The CDR (Centre for Display Research), part of the Hong Kong University of Science and Technology, is working to improve TFT LCDs. Silicon TFTs are widely used but produce high processing temperatures. CDR's goal is to develop an alternative that will decrease temperatures and increase transistor speed.

Finally, graphic designers, animators, and gamers will want to keep an eye on Philips Electronics and its Auto-Stereoscopic 3D-LCD technology. The Philips Optics unit makes the lenticular lens screens needed to produce 3D-LCD systems. This is the same technology that's been used for years to produce 3-D postcards and signs with images that appear to flip or move depending on the viewing angle. This screen contains curved ridges called lenticules. Different images are aligned in alternating strips so that you can see a single, coherent image from a particular viewing angle. The angle changes in relation to your line of sight, resulting in an illusion of movement or 3-D texture.
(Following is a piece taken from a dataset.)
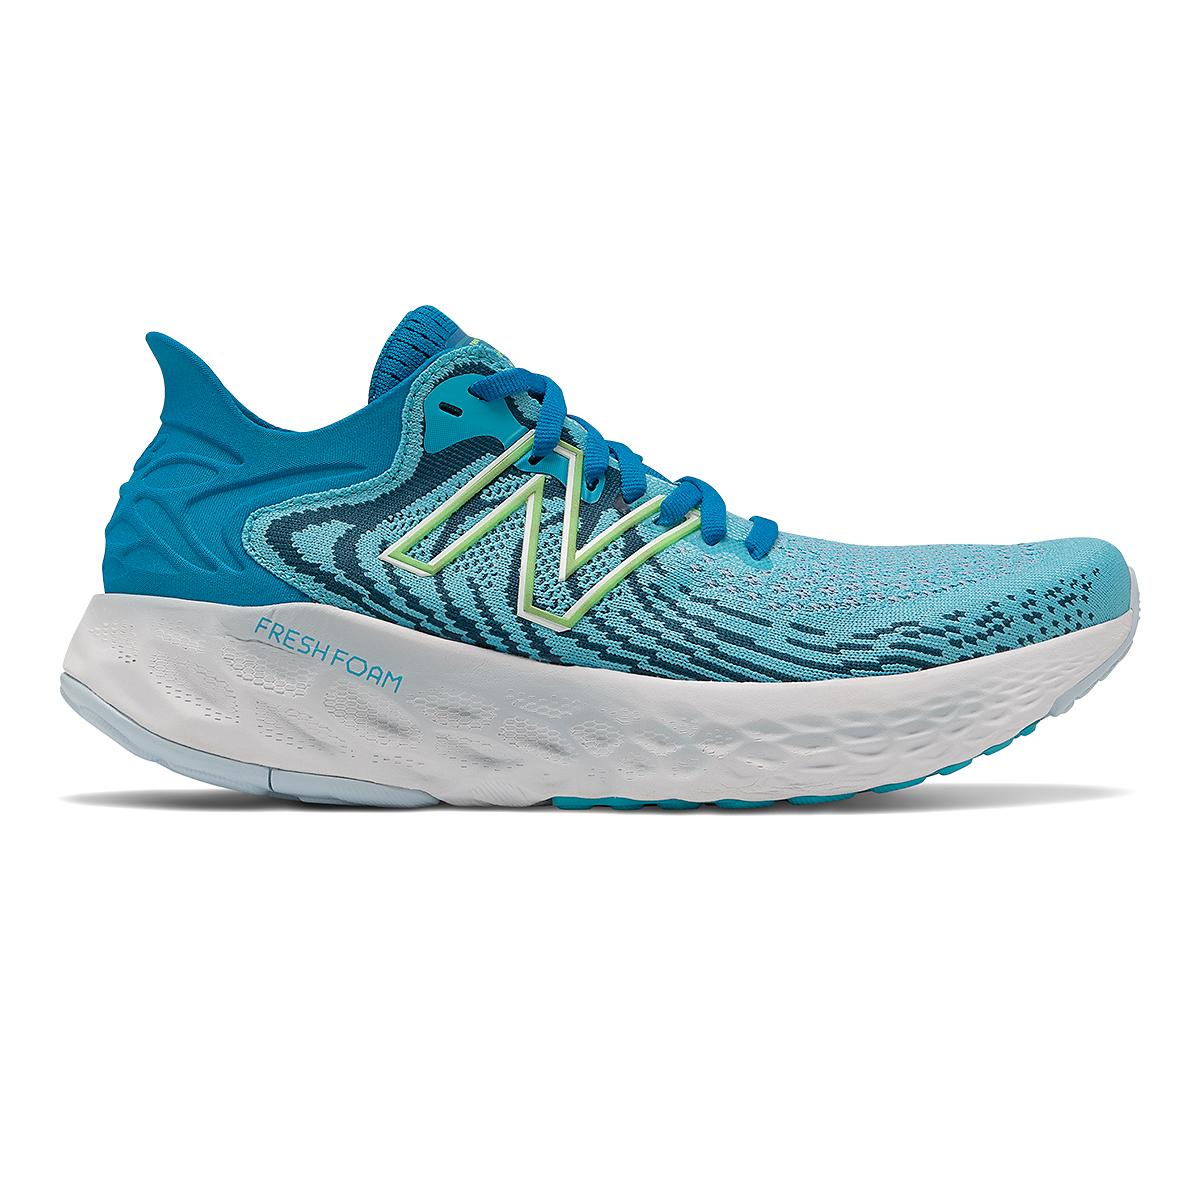 Women's New Balance Fresh Foam 1080v11 Running Shoe - Color: Virtual Sky/Bleached Lime Glo - Size: 5 - Width: Narrow, Virtual Sky/Bleached Lime Glo, large, image 1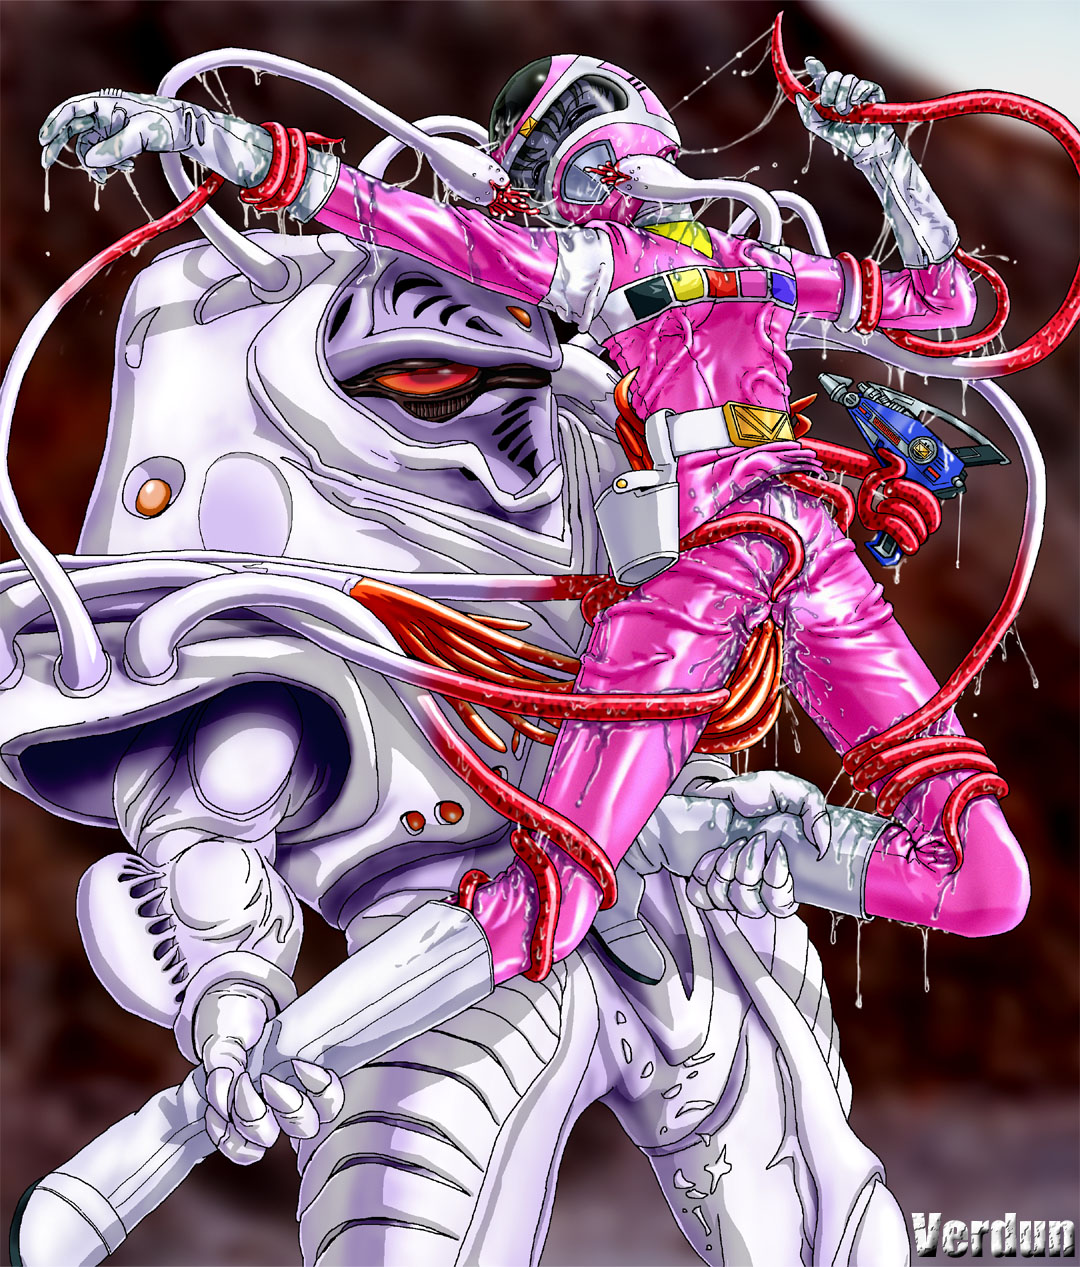 kira rangers power dino thunder Ghost in the shell borma

  Bigger & Better. LCDs have come a long way, and monochrome CRTs have been reduced to a distant memory. With LCD prices falling, and desktop real estate buckling under the weight of ever-larger CRTs, LCDs might soon dominate the display market. And with the variety of research currently underway, LCDs surely will do more than just grow in size and number. Look just around the corner for sharper, brighter images and zippier performance.